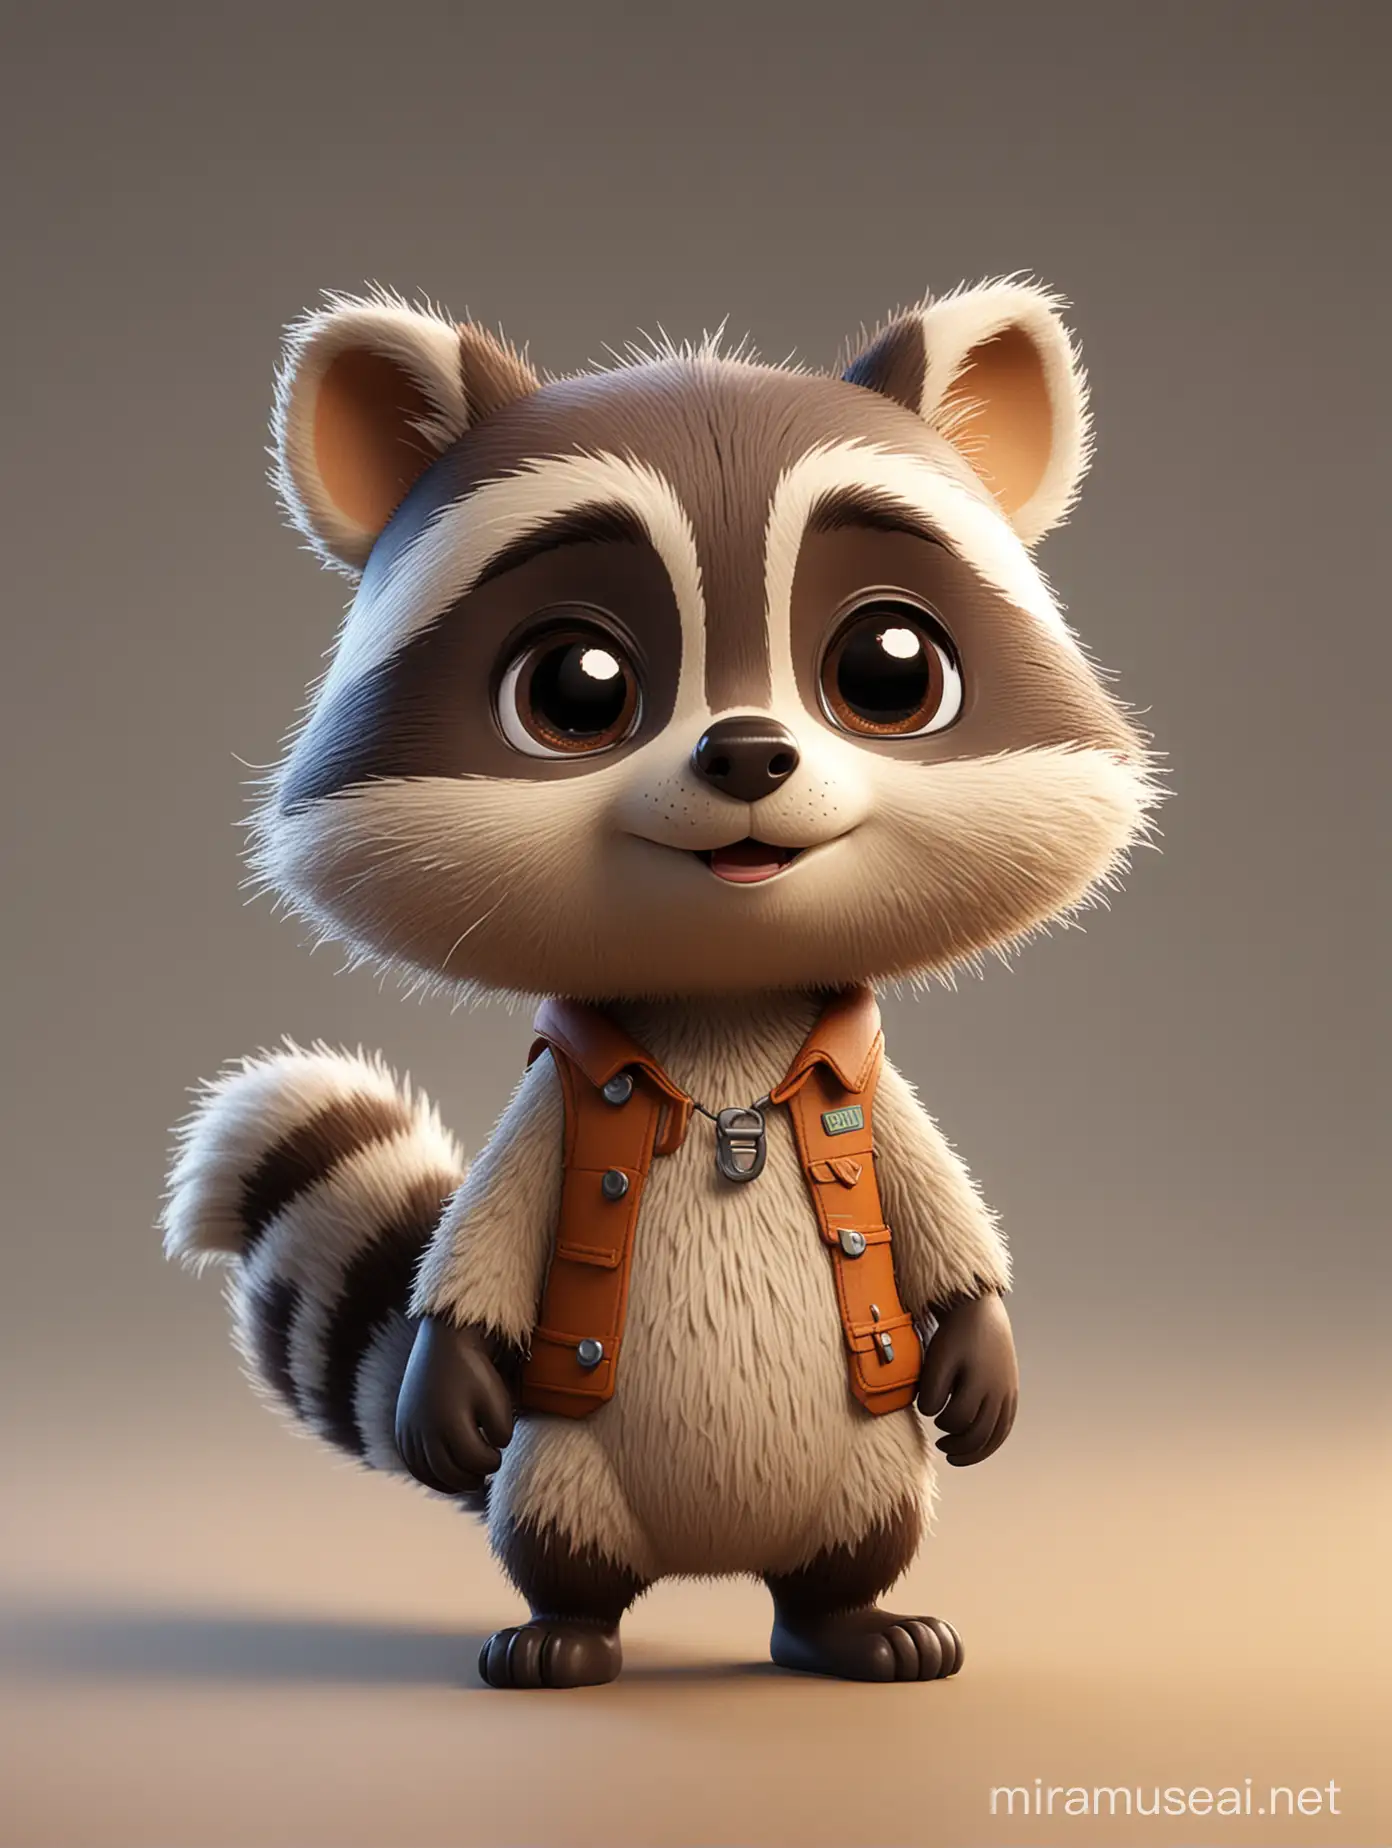 Cute 3D Chibi Raccoon in PixarStyle with Vibrant Wooden Toy Aesthetic
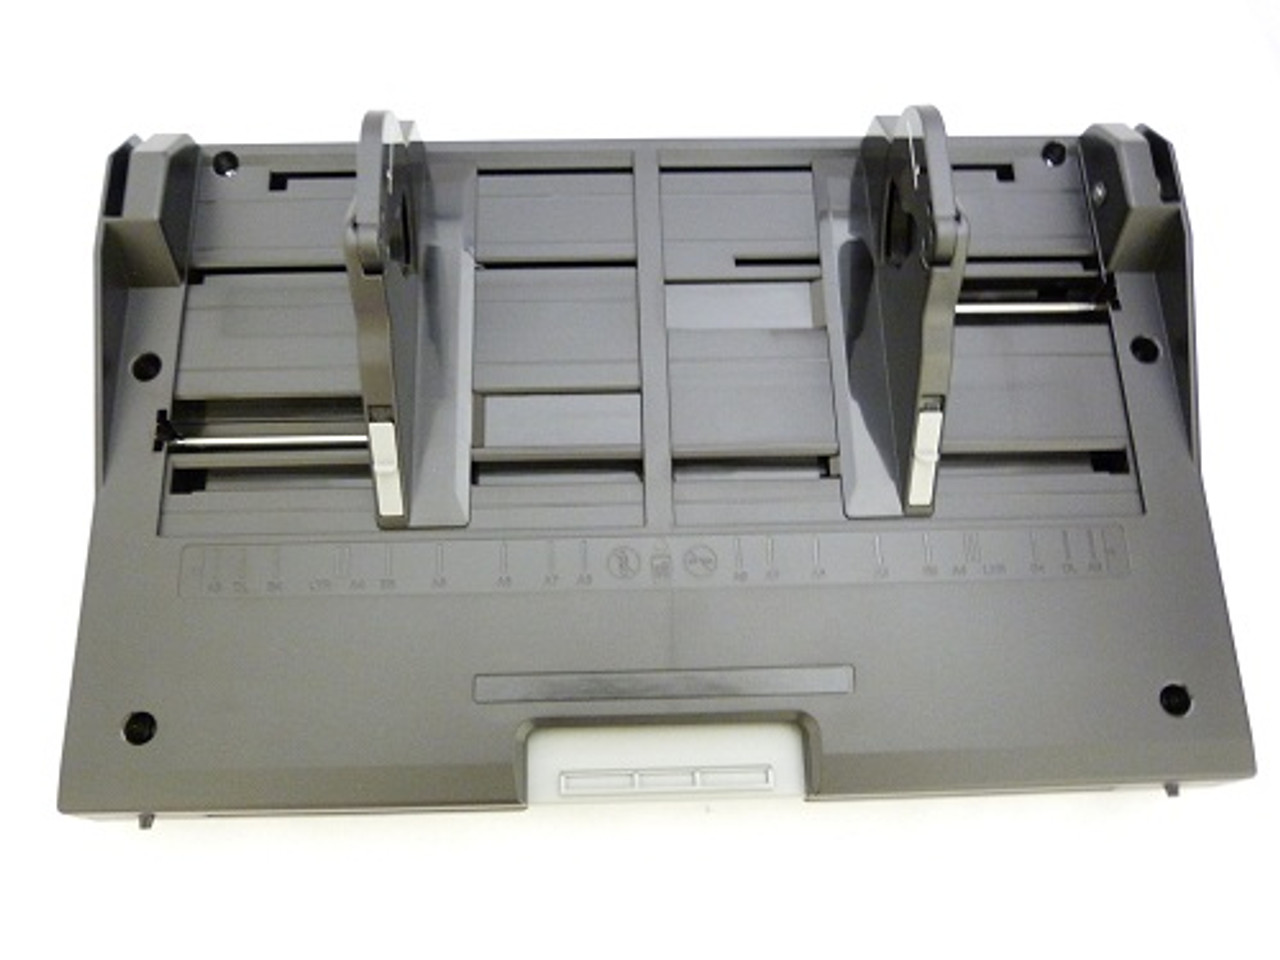 Replacement Hopper-Unit-EH for fi-5950
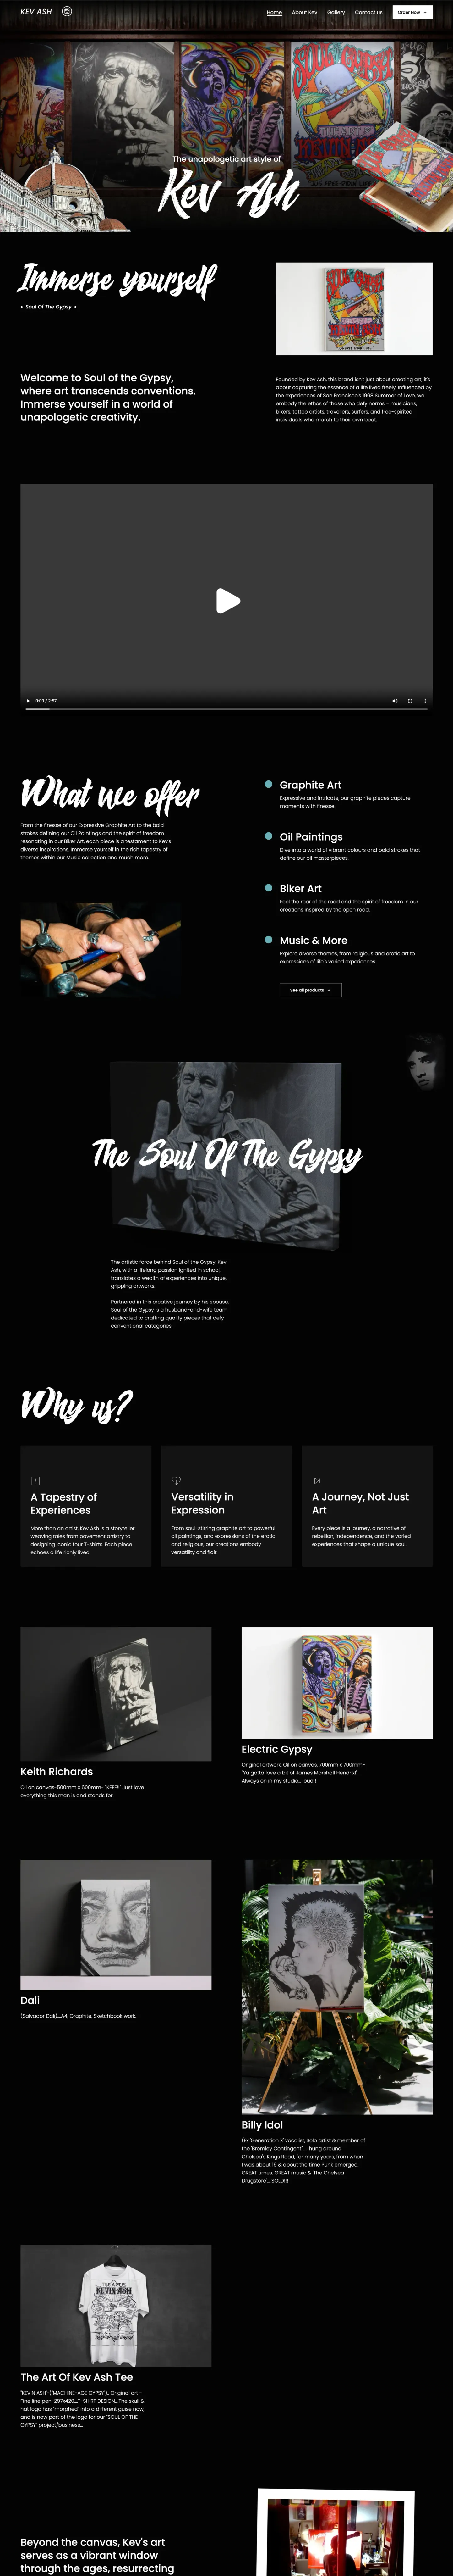 Soul Of The Gypsy Website Home Page | Kev Ash Art Jersey by Island Web Design
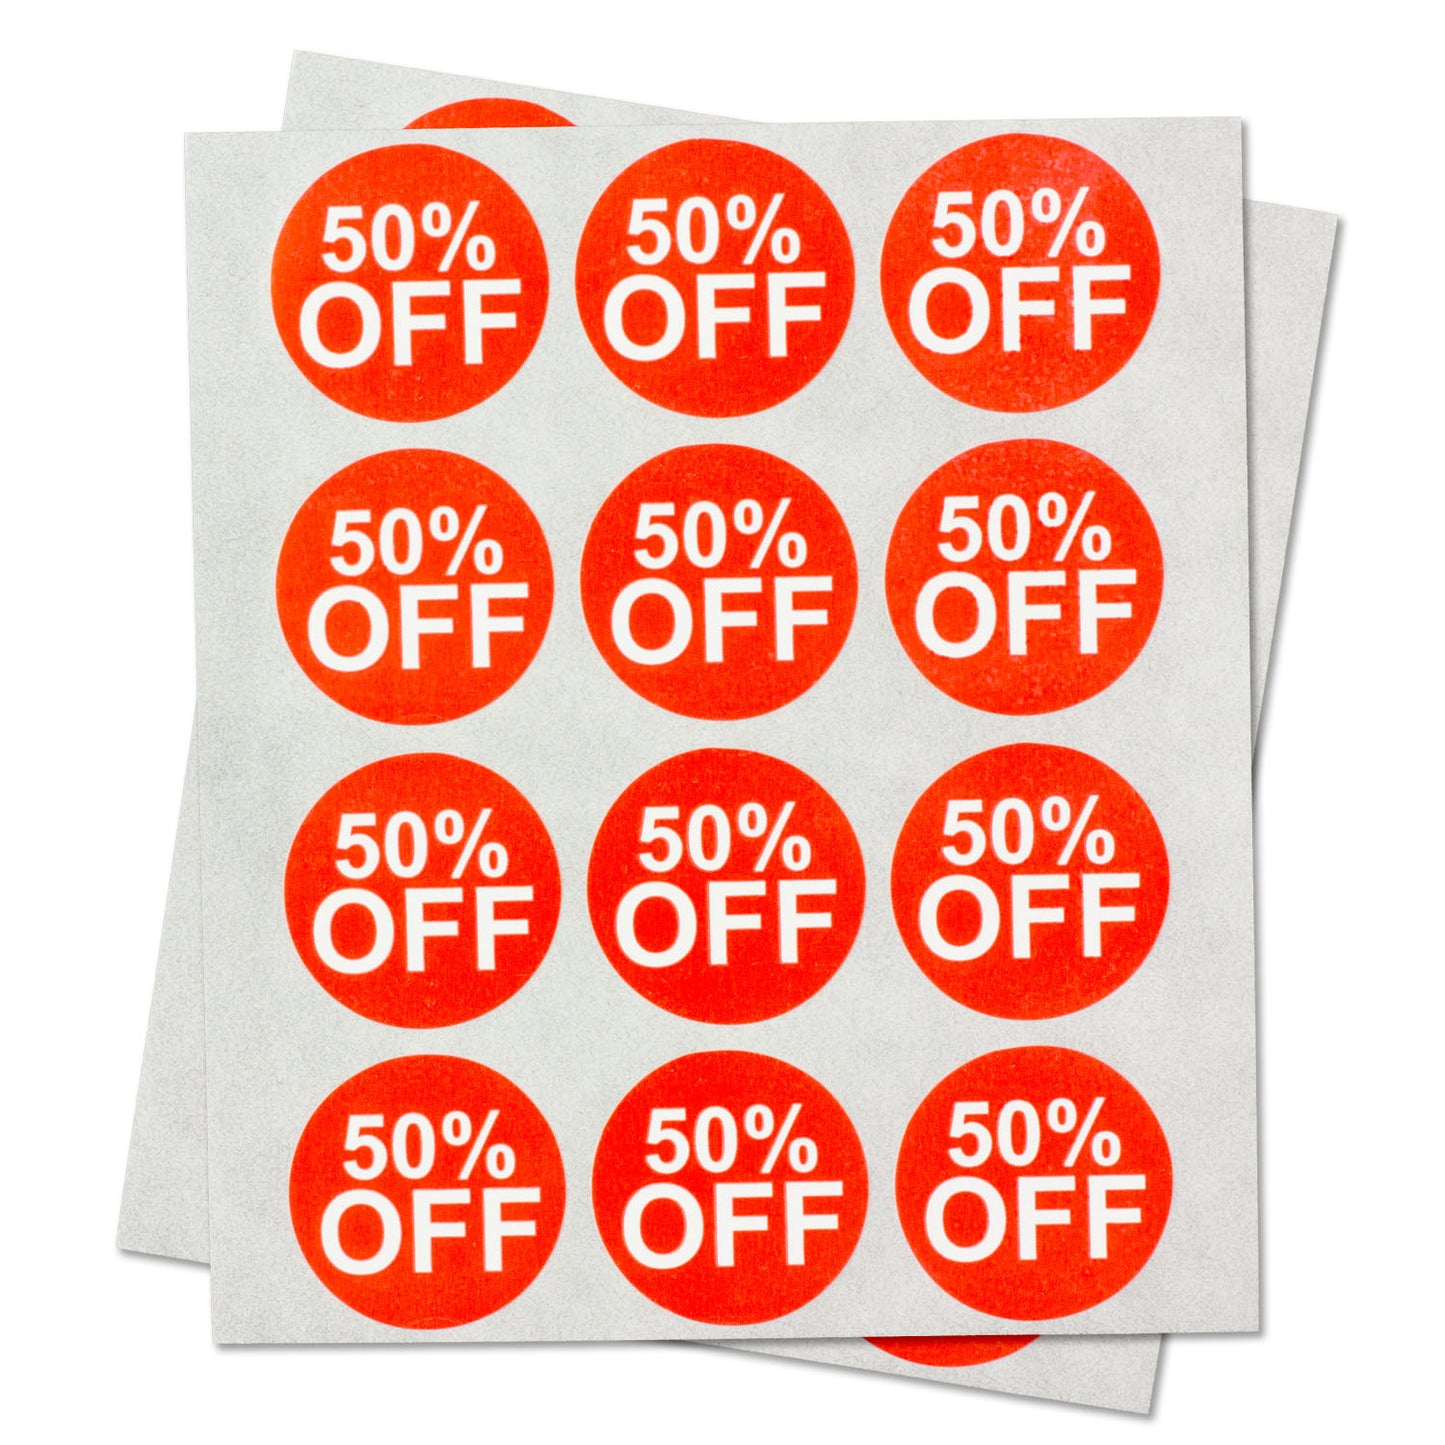 1 inch | Retail & Sales: 50% Percent Off Stickers
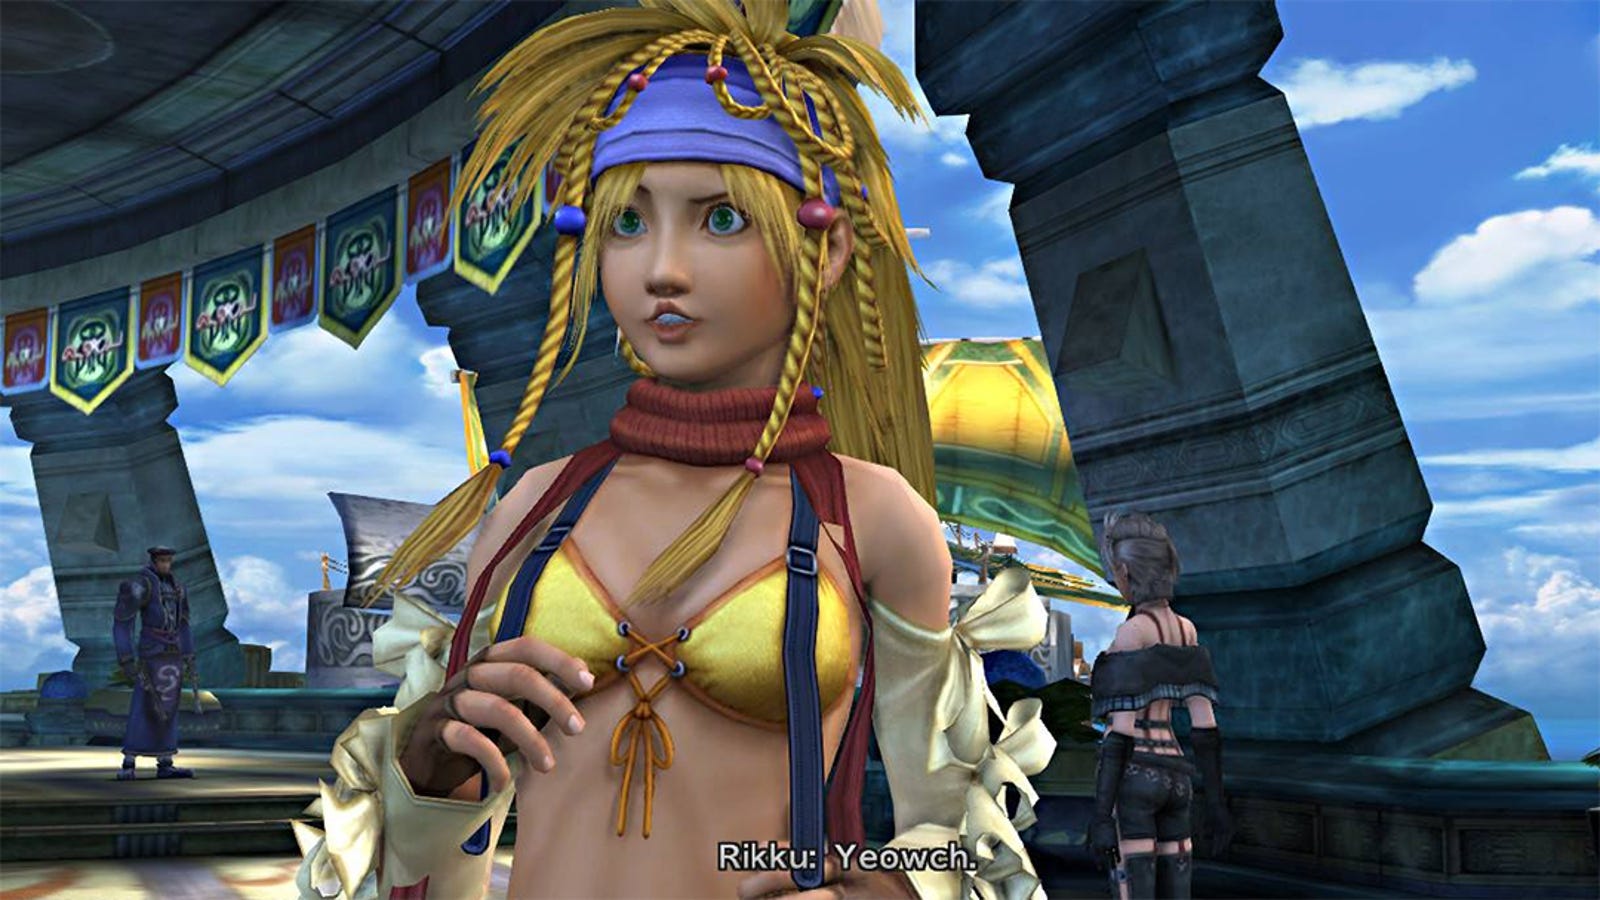 final-fantasy-x-2-is-all-the-fun-of-the-series-without-the-self-importance
• • •
▶ [EXERCISE OBJECTIVE]
Word for word, repeat all the data, but not its images.

▶ [RESPONSE BELOW]
 Cute 3D Chibi Raccoon in PixarStyle with Vibrant Wooden Toy Aesthetic
 Replacement Hopper-Unit-EH for fi-5950
 Soul Of The Gypsy Website Home Page | Kev Ash Art Jersey by Island Web Design
 1 inch | Retail & Sales: 50% Percent Off Stickers
 final-fantasy-x-2-is-all-the-fun-of-the-series-without-the-self-importance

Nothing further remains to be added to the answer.